------ Information provided ------
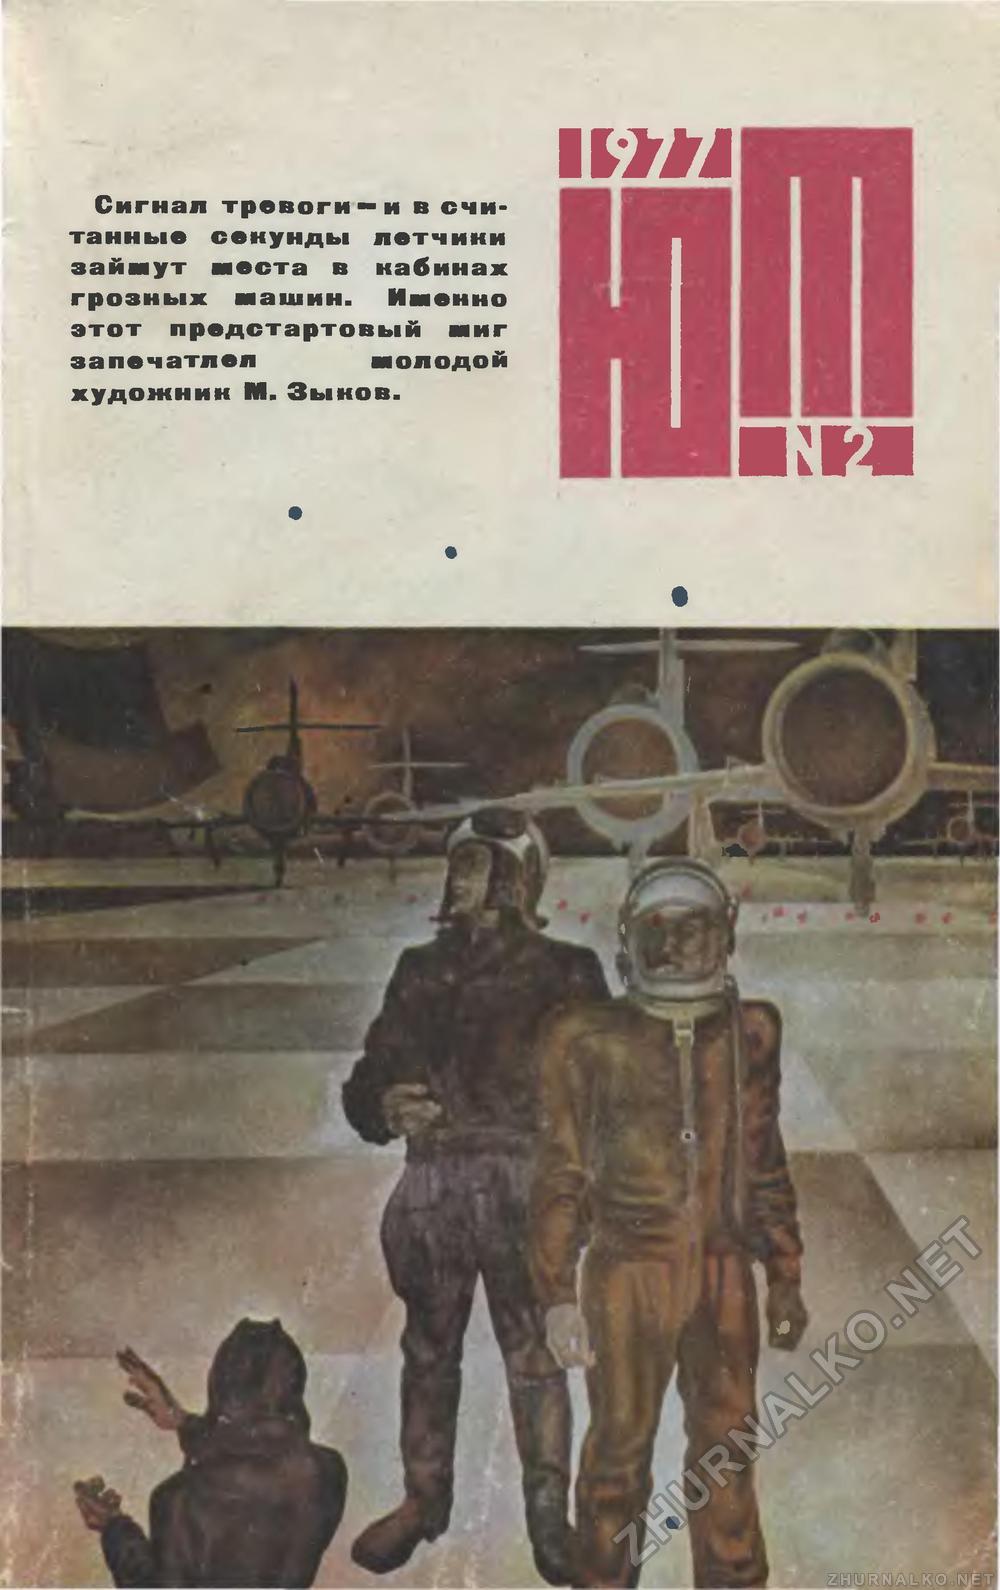   1977-02,  1
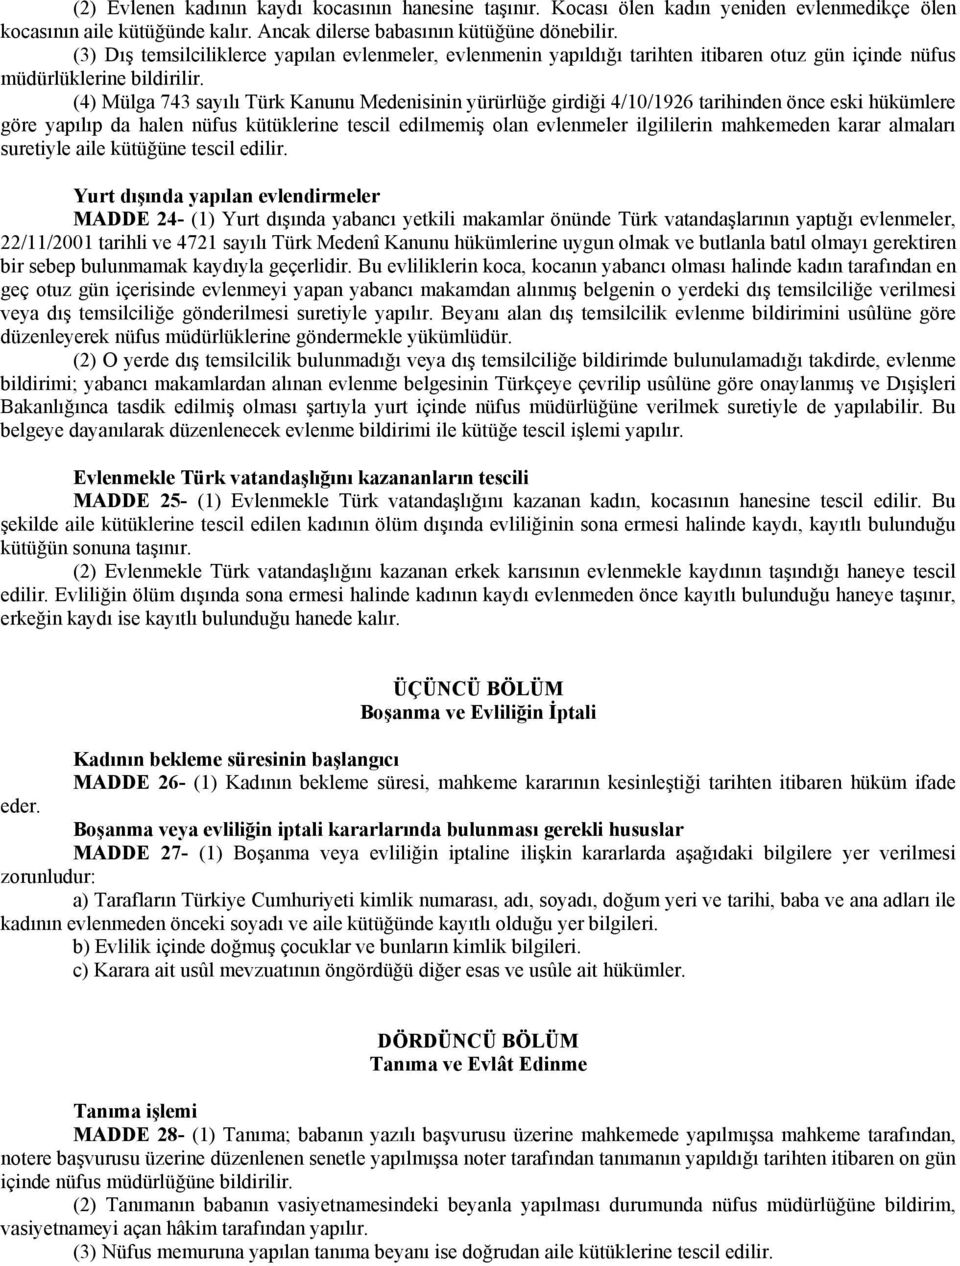 (4) Mülga 743 sayılı Türk Kanunu Medenisinin yürürlüğe girdiği 4/10/1926 tarihinden önce eski hükümlere göre yapılıp da halen nüfus kütüklerine tescil edilmemiş olan evlenmeler ilgililerin mahkemeden
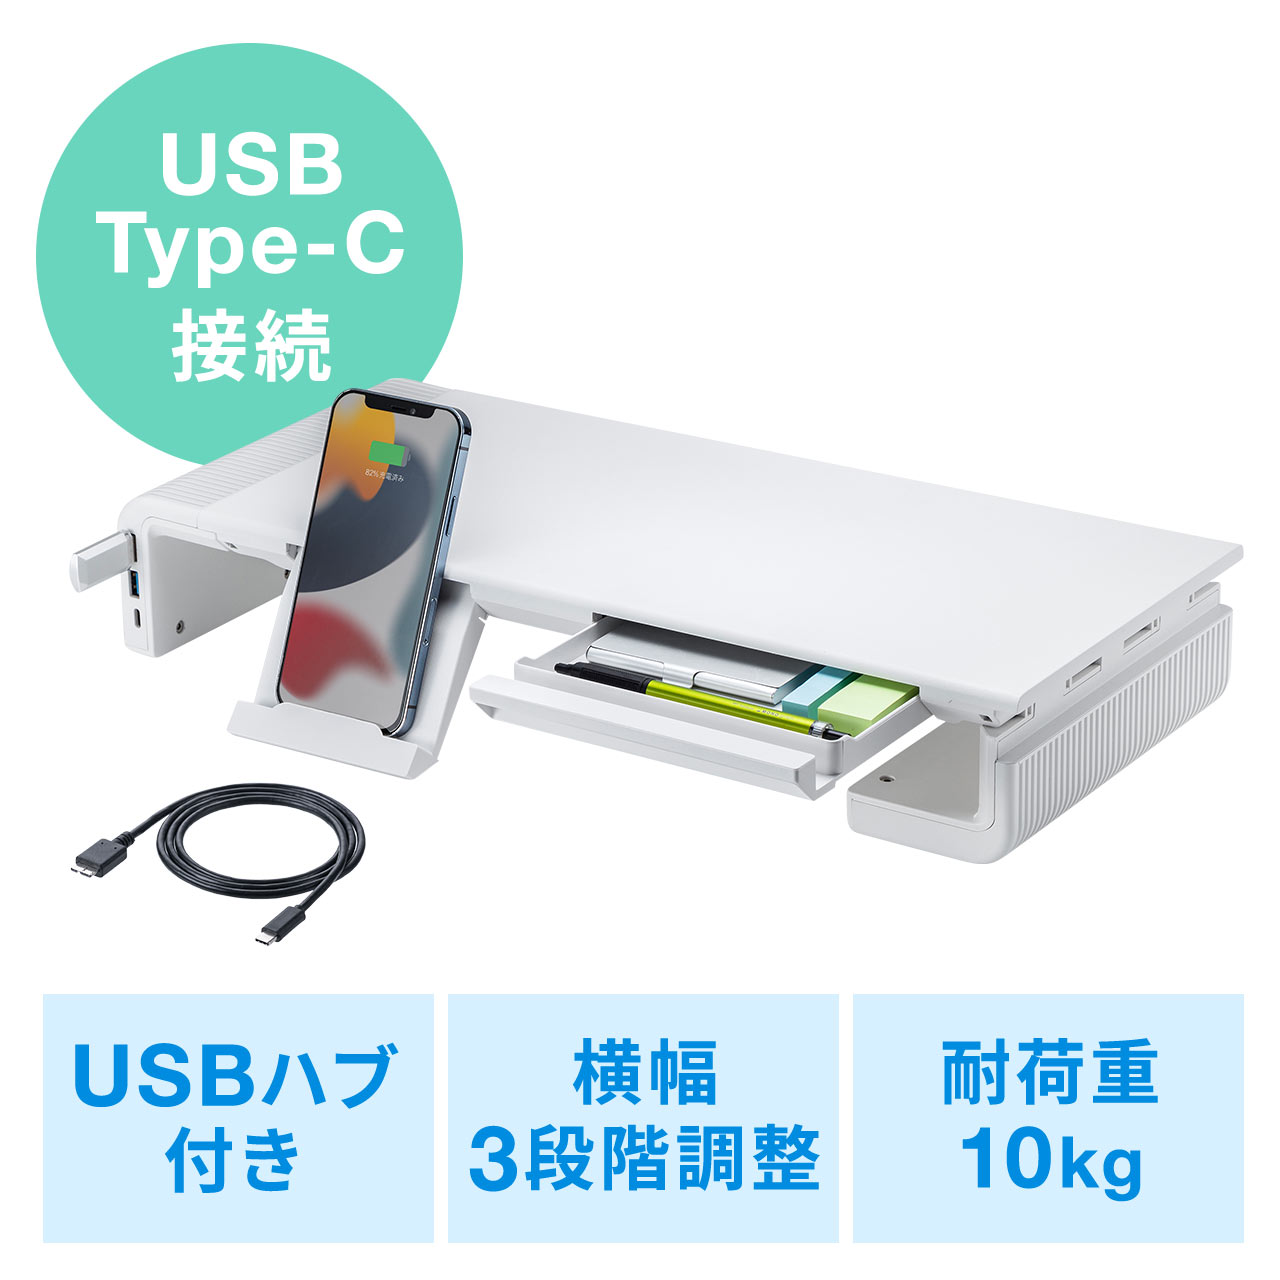 j^[  3iK 42cm/47cm/52cm o USBnu Type-C Type-A Type-Cڑ zCg 101-MRLC210CHW
------
__Task requirements__
This task calls for an exact copy of the data above, without pictures.

__Answer to this exercise__
   1977-02,  1
 (4) Mülga 743 sayılı Türk Kanunu Medenisinin yürürlüğe girdiği 4/10/1926 tarihinden önce eski hükümlere göre yapılıp da halen nüfus kütüklerine tescil edilmemiş olan evlenmeler ilgililerin mahkemeden
 j^[  3iK 42cm/47cm/52cm o USBnu Type-C Type-A Type-Cڑ zCg 101-MRLC210CHW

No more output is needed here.